As the cellular components mediating adaptive immunity are subject to circadian regulation, effective activation of a response to vaccination may also be under the control of the clock (Fig. 2). Effective induction of memory cell development in response to antigen treatment is more likely to occur if the cells involved are numerous and located in close proximity to necessary interacting factors. Response magnitude over several weeks correlates with the population size of naive CD4+ cells, meaning activation of more cells can result in a stronger response.33 Several studies have now found evidence that both T cell and B cell responses to vaccination vary with time of day, although some discrepancy exists between the optimal time for inoculation in different experimental models. Injection of DCs loaded with ovalbumin (OVA) into mice at ZT6 or ZT18, followed by quantification of the number of OVA‐specific induced memory T cells 7 days later, found that around twice as many CD8+ cells were found in the spleen following daytime injection.21 The proportion of these cells that were activated and producing interferon‐γ was also increased. More recent experiments have found that both follicular T helper cells and germinal centre B cells appear to be induced more strongly by night‐time (active phase) immunization protocols. Intradermal immunization of mice with a soluble antigen at ZT5 or ZT17 found antigen‐specific antibody titres to be higher in the weeks following treatment at ZT17, and also resulted in higher germinal centre B‐cell and follicular T helper cell numbers in lymph nodes after 1–2 weeks.34 Similar results were found following immunization of mice with OVA at either ZT4 or ZT16.35 In both cases, one mechanism of circadian regulation may be modulation of the signalling environment. Suzuki et al. found that the differential response in their system was dependent upon intact adrenergic enervation and could be abrogated by depletion of peripheral adrenergic nerves with 6‐hydroxydopamine or knockout of the β 2‐adrenergic receptor. The circadian differential effect seen in response to OVA immunization by Shimba et al. was impaired by CD4+ cell‐specific knockout of the glucocorticoid receptor, which also seemed to regulate differentiation of naive T cells into Th1 and Th2 memory T cell subsets.35

Figure 2.

Figure 2

Circadian regulation of immunization efficacy. Vaccination efficacy depends upon how well T cells are activated by antigen‐presenting cells (APCs) following exposure to the target antigen. Activation occurs when the target antigen is presented to a T cell expressing an appropriate recognition receptor in complex with the MHCII receptor and secondary signalling via CD28 and CD80/86. Oscillatory changes in the signals driving cell migration to the lymph nodes result in circadian differences in the number of T cells and APCs present during active and rest phases of the day, meaning such interactions are more or less likely to occur effectively. When effective activation occurs, it results in the proliferation of helper (CD4+) T cells, stimulation of a specific adaptive response by T cells and B cells, and the production of memory cells to protect against future infection.

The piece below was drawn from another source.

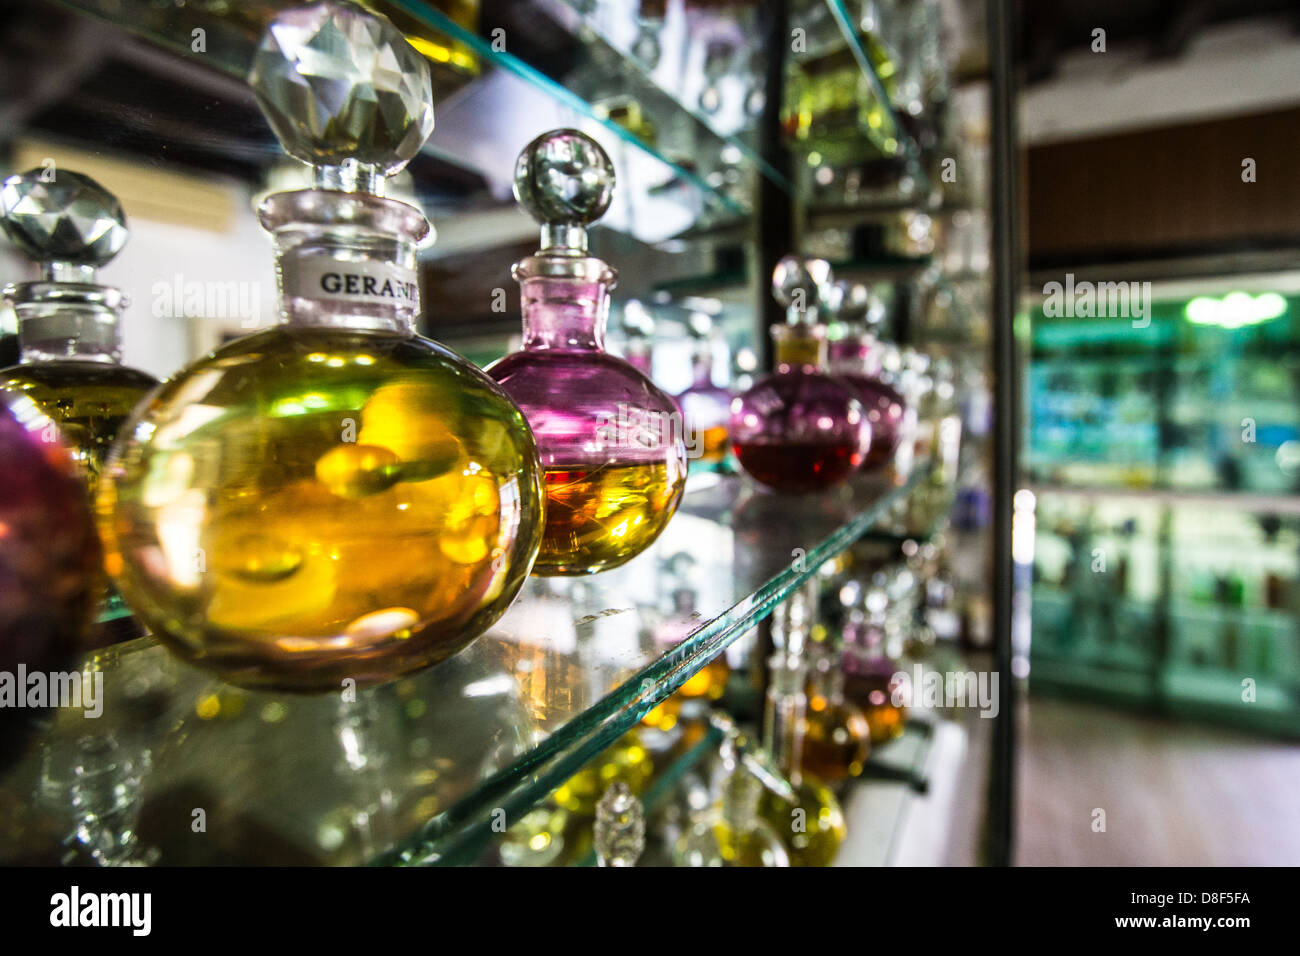 Huiles essentielles et parfums boutique, Cochin, Inde Banque D'Images

Innate immunity interacts with adaptive immunity in a number of ways, including through PRR‐mediated up‐regulation of components needed for efficient antigen presentation and recognition.36 This effect can be harnessed to improve vaccine efficacy. The most notable method of doing this is by including an innate immunity potentiator as an adjuvant in the vaccine preparation.37 Toll‐like receptor 9 (TLR9), a PRR expressed by innate immune cells that recognizes viral and bacterial DNA including CpG oligodeoxynucleotides, is under circadian regulation and can act as an adjuvant to enhance adaptive immune responses.38 Mice immunized with OVA in combination with CpG oligodeoxynucleotides (to activate TLR9) at either ZT7 or ZT19 showed enhanced lymphocyte proliferation 4 weeks later if immunization occurred at ZT19. Interferon‐γ production was also increased. This effect was specific to TLR9‐activating ligands.

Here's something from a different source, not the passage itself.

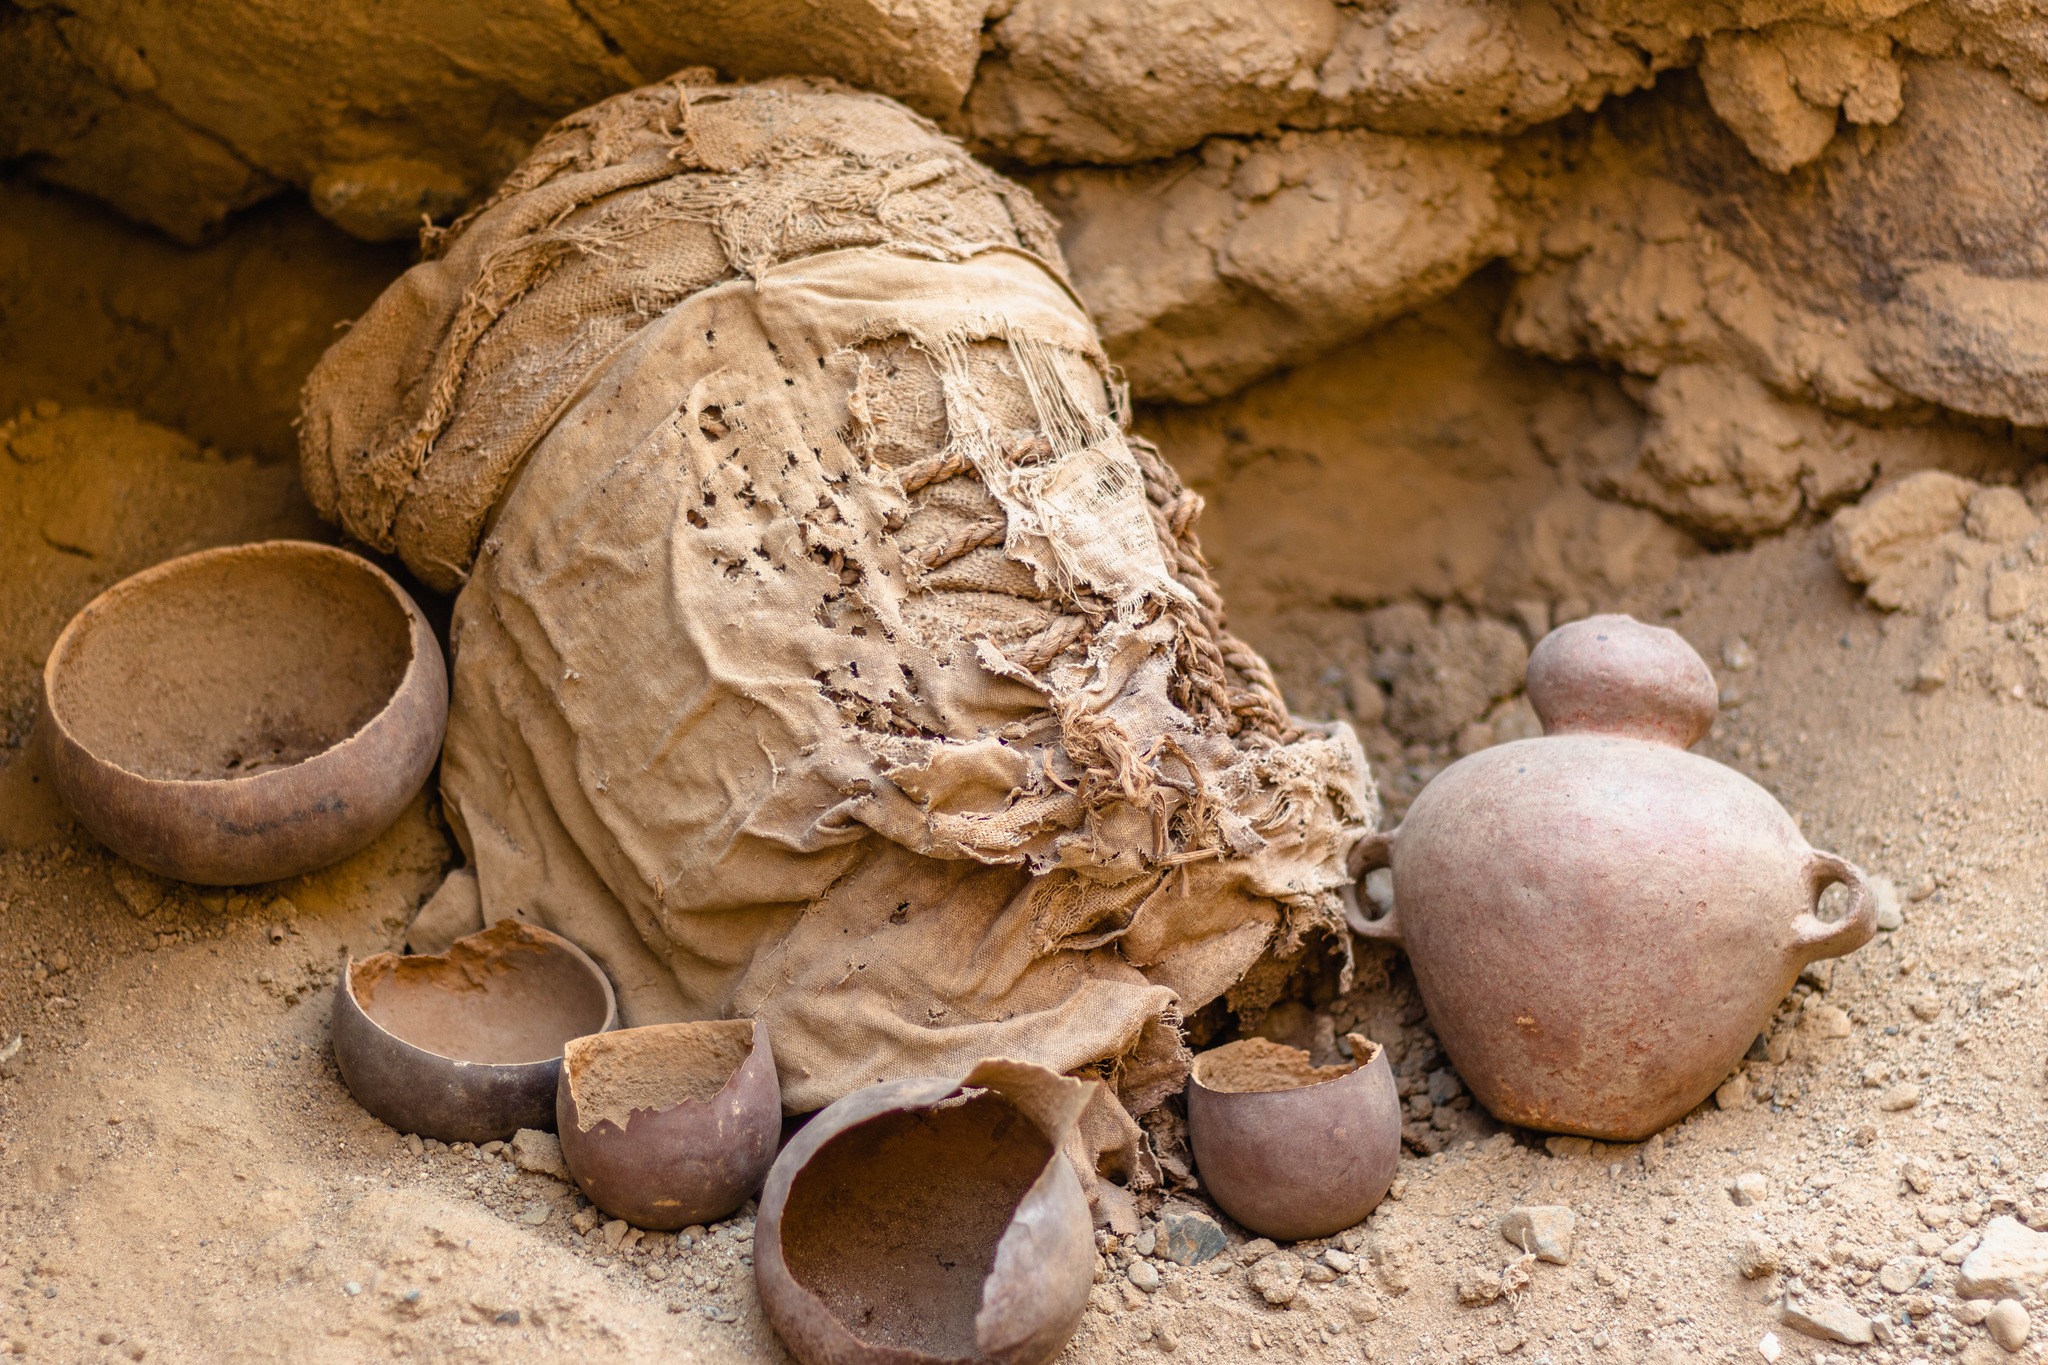 Oldest mass sacrifice of children found in Peru

These differences in vaccine response, even weeks after administration, have implications for efficacy and best clinical practice but remain relatively unstudied. The majority of the mouse studies discussed find enhanced adaptive immune responses to vaccination when administered during the early/mid active phase for mice (dark phase; ZT16 to ZT19, depending upon study). This would correspond to immunization of human participants in the morning. To date, few formal clinical trials have compared the benefits of morning verses afternoon vaccine administration in humans. One study has suggested that antibody titre is increased by around twofold when measured 4 weeks after influenza vaccination or hepatitis A vaccination administered in the morning compared with the afternoon, but only for some groups of participants.39 A larger trial conducted on adults aged 65 years or older also found increased antibody titre 1 month after influenza vaccination when it was administered during a morning clinic compared with an afternoon clinic;40 cortisol level was higher in blood samples taken at the time of morning vaccination, highlighting at least one potential source of difference between vaccination conditions. Several studies have found reduced vaccination efficacy in individuals suffering from chronic insomnia41 and those subjected to sleep deprivation protocols,42 and a number of immune parameters show sleep‐dependent circadian oscillation.43 This further supports the idea that the interaction of the clock with immune response may modulate the induction of an adaptive response, and suggests clinical considerations for optimizing vaccination efficacy.

Parasites and the clock

Parasite infections stimulate multiple immune defence mechanisms, both antibody‐ and cell‐mediated. Antigen‐presenting cells detect the presence of parasites, mediated via PRRs. This early event shapes the phenotype of the adaptive immune response, driving CD4+ cells to mature into different subtypes (see Fig. 1). These subtypes (Th1, Th2, Th17, regulatory T, Th9 and Th22) secrete different networks of cytokines, to allow effective resolution of disease. For example, in the case of the gastrointestinal helminth Trichuris, effective expulsion from the host relies on polarization of CD4+ T cells towards a Th2 immune response, promoting production of parasite‐specific IgG1. Recent work has implicated the involvement of the circadian clock within DCs to drive T cell polarization in the most appropriate direction.44

Hopwood and colleagues described how the time of day at which a mouse is inoculated with Trichuris muris eggs affects antigen production and efficiency of expulsion several weeks later. Inoculation at ZT0 was associated with higher circulating levels of parasite‐specific IgG1 and interleukin‐13 (IL‐13) (typical markers of a Th2 response) and more rapid expulsion. Inoculation at ZT12 resulted in slower expulsion and a higher worm burden. Deletion of Bmal1 in CD11c+ DCs rendered them arrhythmic and resulted in loss of circadian control over expulsion kinetics, suggesting a critical role for the DC clock in polarizing T cells. RNA‐seq data from circadian synchronized DCs stimulated with parasite antigen identified time‐of‐day differences between the expression of genes associated with Th1 polarization (Il12b and Tnfsf15). These pathways were down‐regulated in the absence of Bmal1, suggesting that BMAL1 may be critical for the establishment of DC‐derived Th1‐promoting cytokines.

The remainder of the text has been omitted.